We previously reported that CT infection of A2EN cells significantly upregulated the proinflammatory cytokine, IL1α, but abrogated the expression of the CCR5 ligand RANTES [32]. Taken together, we hypothesized that supernatants from CT-infected A2EN may enhance HIV replication in target cells, as IL1α can stimulate the NFκB pathway in target cells, leading to increased HIV replication [101, 102]. Concomitantly, a decrease in RANTES could allow more virions to bind to the CCR5 co-receptors present on target cells [103105]. When basolateral supernatants from non-infected A2EN cells were incubated with PBMC or MT4-R5 cells and inoculated with virus, we observed an increase in HIV production. Furthermore, CT-infected A2EN basolateral supernatants further enhanced HIV production, but apical supernatants did not, despite the finding that apical IL1α increases after chlamydial infection [32]. These results may be explained by the fact that A2EN cells secrete IL1 receptor antagonist (IL1ra) at the apical surface, but not at the basolateral surface [32], which would inhibit IL1α from functioning in the apical environment. Our results suggest that the functional IL1α, or an unidentified factor, or a combination of factors present in the basolateral supernatants from CT-infected A2EN cells, may be acting upon target cells to facilitate HIV entry and/or replication. Should HIV gain access to the endocervical submucosa via migration or trauma, virus may be more likely to infect and replicate in an underlying susceptible target cell. Considering these results and our previous observations that CT infection of the endocervix leads to an increase in CD4+ and CCR5+ lymphocytes at this site [30, 31], the microenvironment created by CT-infected epithelial cells may contribute to the establishment of HIV founder virus populations in target cells present within the cervical submucosa.
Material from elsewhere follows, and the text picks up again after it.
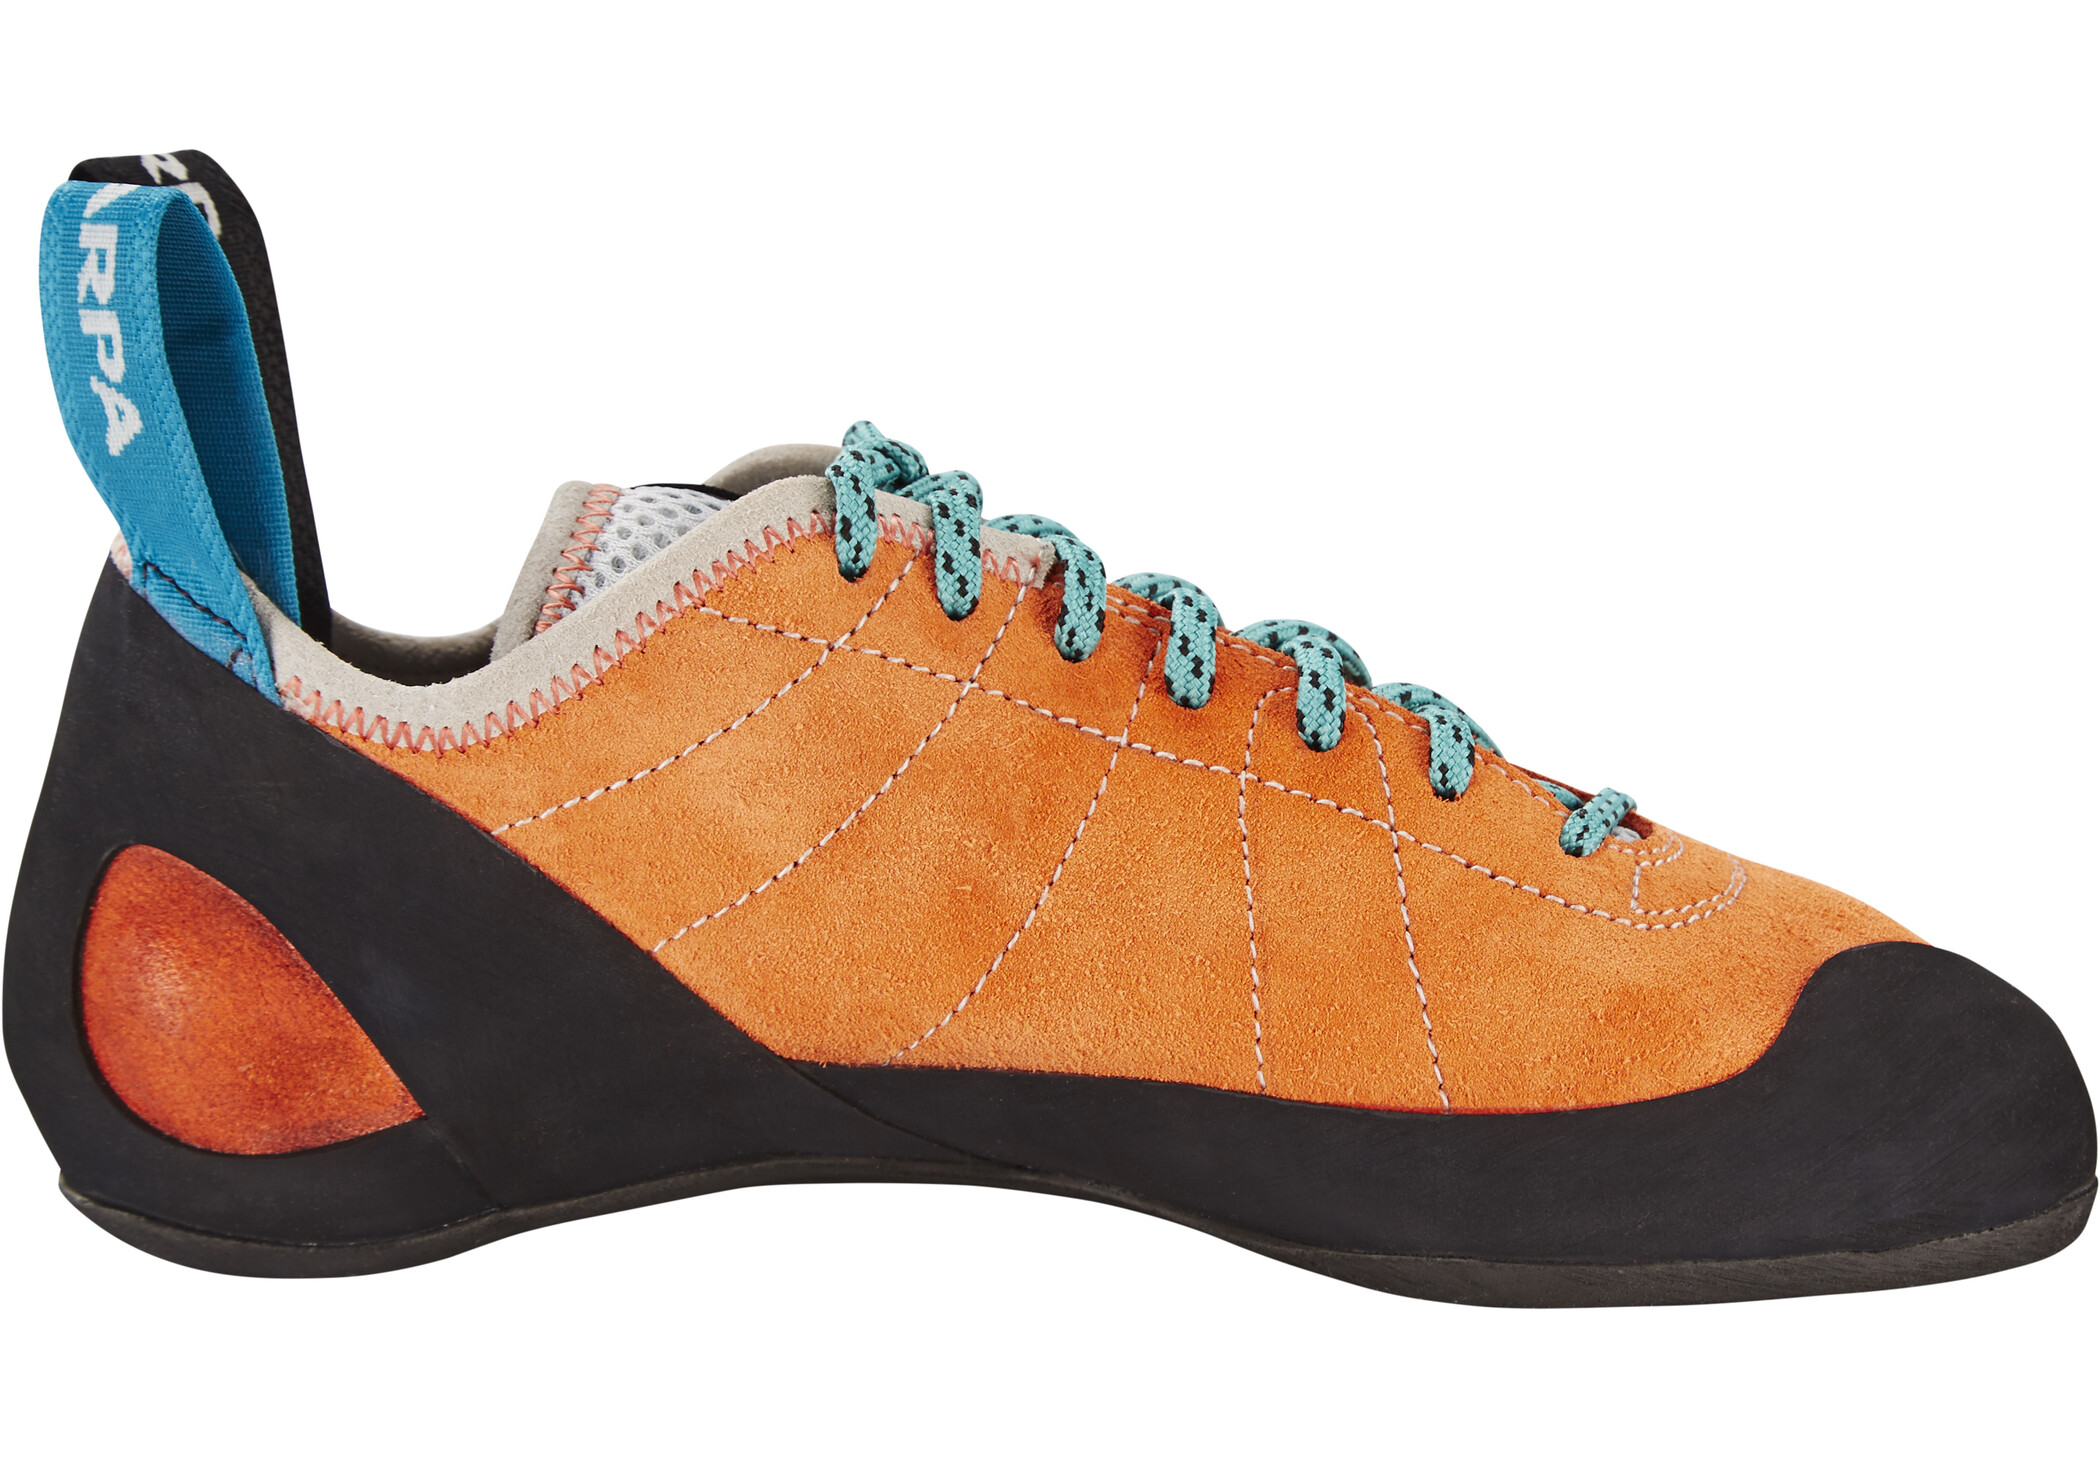 Scarpa Helix Scarpe da arrampicata Donna, arancione

In conclusion, our endocervical model is one of the first to allow the in vitro study of interactions between the two sexually transmitted pathogens, CT and HIV. It could also serve as a tool for similar co-infection models, microbicide testing, screening of specific neutralizing antibodies, or for building more complex models that incorporate various defined leukocyte subpopulations. Further, the tractability and primary cell-like properties of the model could enable the investigation of endogenous and exogenous cofactors such as semen, mucus, and hormones and their influence on cell-free and cell-associated HIV transmission. The studies presented here suggest CT infection of endocervical epithelial cells increases cell-associated HIV migration across the epithelial barrier and can enhance viral replication in target cells via basolaterally-secreted factors. These results suggest CT infection of endocervical epithelial cells could facilitate HIV access to underlying susceptible cell types, the establishment of a founder virus population, and ultimately, HIV transmission. The ability of CT to infect the FRT for extended periods of time in the absence of symptoms likely increases the probability of introducing a secondary pathogen, such as HIV, into a CT-infected FRT. Collectively, these observations reiterate the importance of finding alternative preventative strategies for CT infection, as this and other highly prevalent sexually transmitted pathogens contribute to HIV acquisition in women worldwide.

Supporting Information

S1 Fig. Basolateral fluids from mock and CT-infected A2EN cells enhance HIV infection.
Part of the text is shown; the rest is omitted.